Post by: hutch-- on June 13, 2005, 11:38:55 PM
Here are the timings on my Prescott PIV.


Bytes    0     1     2     3     4     5     15    16    31    255   1023
         ===== ===== ===== ===== ===== ===== ===== ===== ===== ===== =====
StrLen2  6     9     8     6     10    9     27    25    38    302   862
Ratch    1     1     13    4     4     6     19    13    43    260   910
RatchX   -1    0     1     1     7     3     16    13    30    256   910
RatchX2  -1    2     1     1     3     4     13    13    30    248   882
Title: Re: szLen optimize...
Post by: Jimg on June 14, 2005, 12:04:59 AM
Hutch-
Strange. The misaligned code is faster on yours also.  Not as dramatic, but suprising anyway.  Thanks.
Title: Re: szLen optimize...
Post by: Phil on June 15, 2005, 05:59:03 AM
Ratch, RatchX, RatchX2, StrLen1, and StrLen2 all seem to be quite sensitive to alignment. For some reason FStrLen and FStrLen1 were not. The following table was produced by loading 13 different copies of each procedure into memory at various alignments. Before each procedure is:

align 16

repeat PAD
  nop
endm

Ratch&PAD& proc arg:DWORD ; procedure definition and entry begins here.
.... full procedure definition
Ratch&PAD& endp

The &PAD& appends the pad value to the procedure name to avoid duplicate names as the same procedure is loaded with different padding. This is the last of PAD values from 4 to 16. The values are easily alterable in the source if you care to play with them. I was quite surprised because the 16-byte alignment doesn't always seem to be best. Also, the timings are for a 1023 dup('X') string that was used in many of the preceeding tests and the different timings at various alignments help explain wide differences as we would add or remove the 250 ms sleep which changed the alignment.
Pad nops      4    5    6    7    8    9   10   11   12   13   14   15   16
========== ==== ==== ==== ==== ==== ==== ==== ==== ==== ==== ==== ==== ====
Ratch      1067 1066 1332 1077 1335 1333 1333 1334 1078  889 1067  883  893
RatchX     1061 1061 1313 1059 1313 1313 1313 1313 1060  882 1059  872  883
RatchX2    1061 1313 1058 1312 1312 1312 1314 1059  885 1059  879  880  882
StrLen1    1298 1046 1048 1046 1043  870  873  874  859 1046 1046 1043 1043
StrLen2     987  978  977  992 1059 1059 1058 1059 1302 1302 1302 1302 1048


RatchX2 will be fastest when it is preceeded by 'align 16' followed by 14 or 15 'nops'.
StrLen2 is fastest when preceeded by 'align 16' followed by 2 nops, etc.

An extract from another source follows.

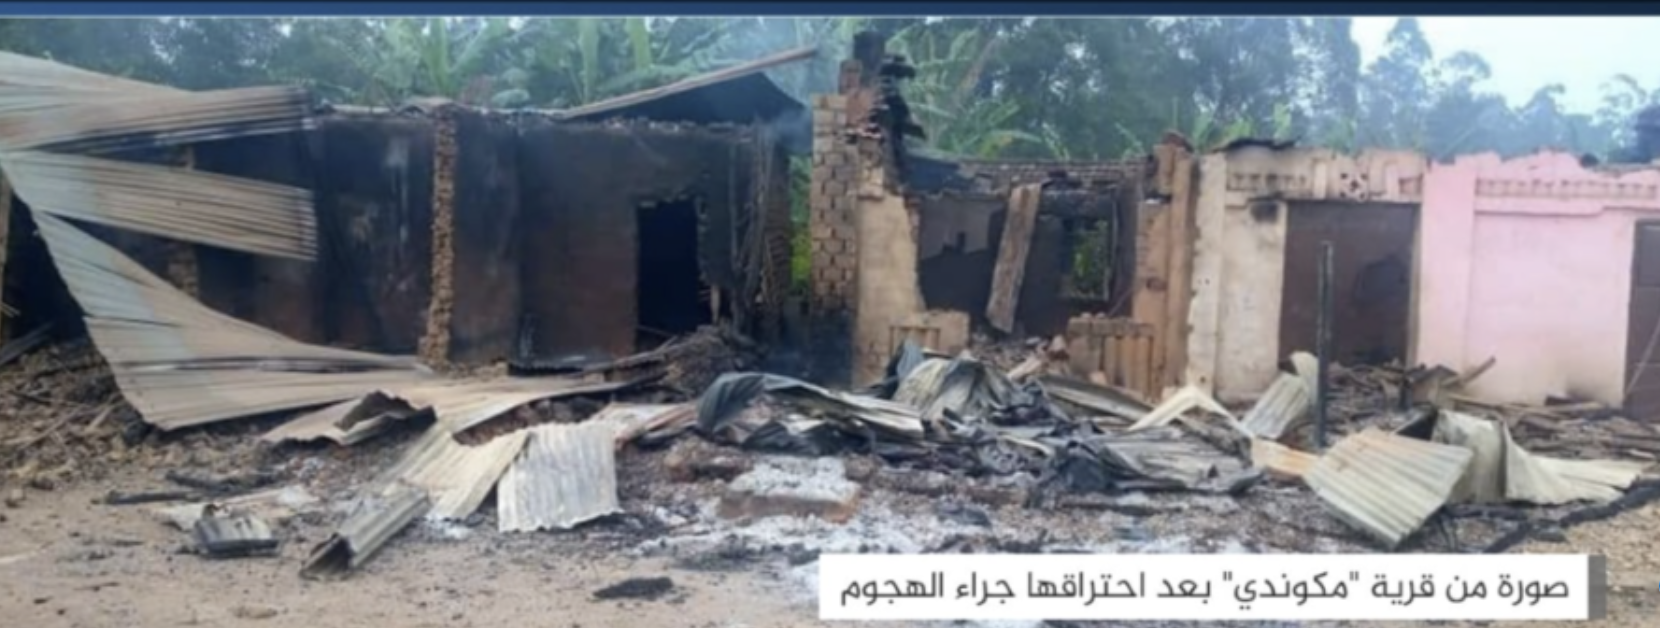 Islamic State's Amaq News Agency Claim of Credit: More than 35 Christians were killed in a bloody attack by Islamic State militants in the province of "Beni" in eastern Congo Congo - North Kivu - Amaq Agency: More than 35 Christians were killed in a bloody attack targeting one of their villages in the province of "North Kivu" in eastern Congo. Security sources told "Amaq" agency that the Islamic State fighters stormed last Wednesday evening the Christian village of "Mkundi" located on the "Butembo-Beni" road. The sources added that the fighters targeted Christian gatherings inside the village simultaneously with firearms and knives, which resulted in at least 35 deaths and the injury of others. The sources pointed out that the fighters burned the homes and properties of the Christians inside the village and seized some of them before they left to return to their positions.

I don't understand but it is interesting!


[attachment deleted by admin]
Title: Re: szLen optimize...
Post by: Jimg on June 15, 2005, 03:03:23 PM
Nice technique Phil, I kept thinking I was gonna get around to something similar :U

Here are my results, except I changed 16 to zero to test against original configuration:

Pad nops      4    5    6    7    8    9   10   11   12   13   14   15    0
========== ==== ==== ==== ==== ==== ==== ==== ==== ==== ==== ==== ==== ====
Ratch      1058  904 1063 1060 1058 1059 1189 1059  933  892  893  809  873
RatchX     1056  894 1053 1052 1055 1054 1180 1054  929  888  884  801  864
RatchX2     887 1052 1052 1053 1057 1180 1056  926  881  884  798  800  800
StrLen1    1058  931  928  930  927  870  865  866  865 1053 1056 1054 1056
StrLen2     909  910  913  910 1007 1007 1008 1007 1122 1122 1122 1122  930

I would have thought 12 pads on the Ratch procs would have been the best since it would align the loop at 16 byte, but didn't work out that way.  Still a mystery here :dazzled:
Also, I think looping a million times is probably not the best indication of how fast a routine can be used in a normal program.  Perhaps calling each routine once in sequence, loop back, call each one again, etc., keeping a running average?
Title: Re: szLen optimize...
Post by: Phil on June 16, 2005, 12:03:46 AM
JimG: Doing what you suggest would well produce a better indication of how the code might perform in a typical program. However, I think doing it like this is probably better when comparing the raw speed of an algorithm. It produces values which can be reproduced and that is very important when we are trying to tune, or slightly de-tune, our code for greater performance! Like you said, we still have mysteries here. I still don't know how mis-aligning a loop by adding a nop can make it run faster ... but it certainly seems to be the case occasionally!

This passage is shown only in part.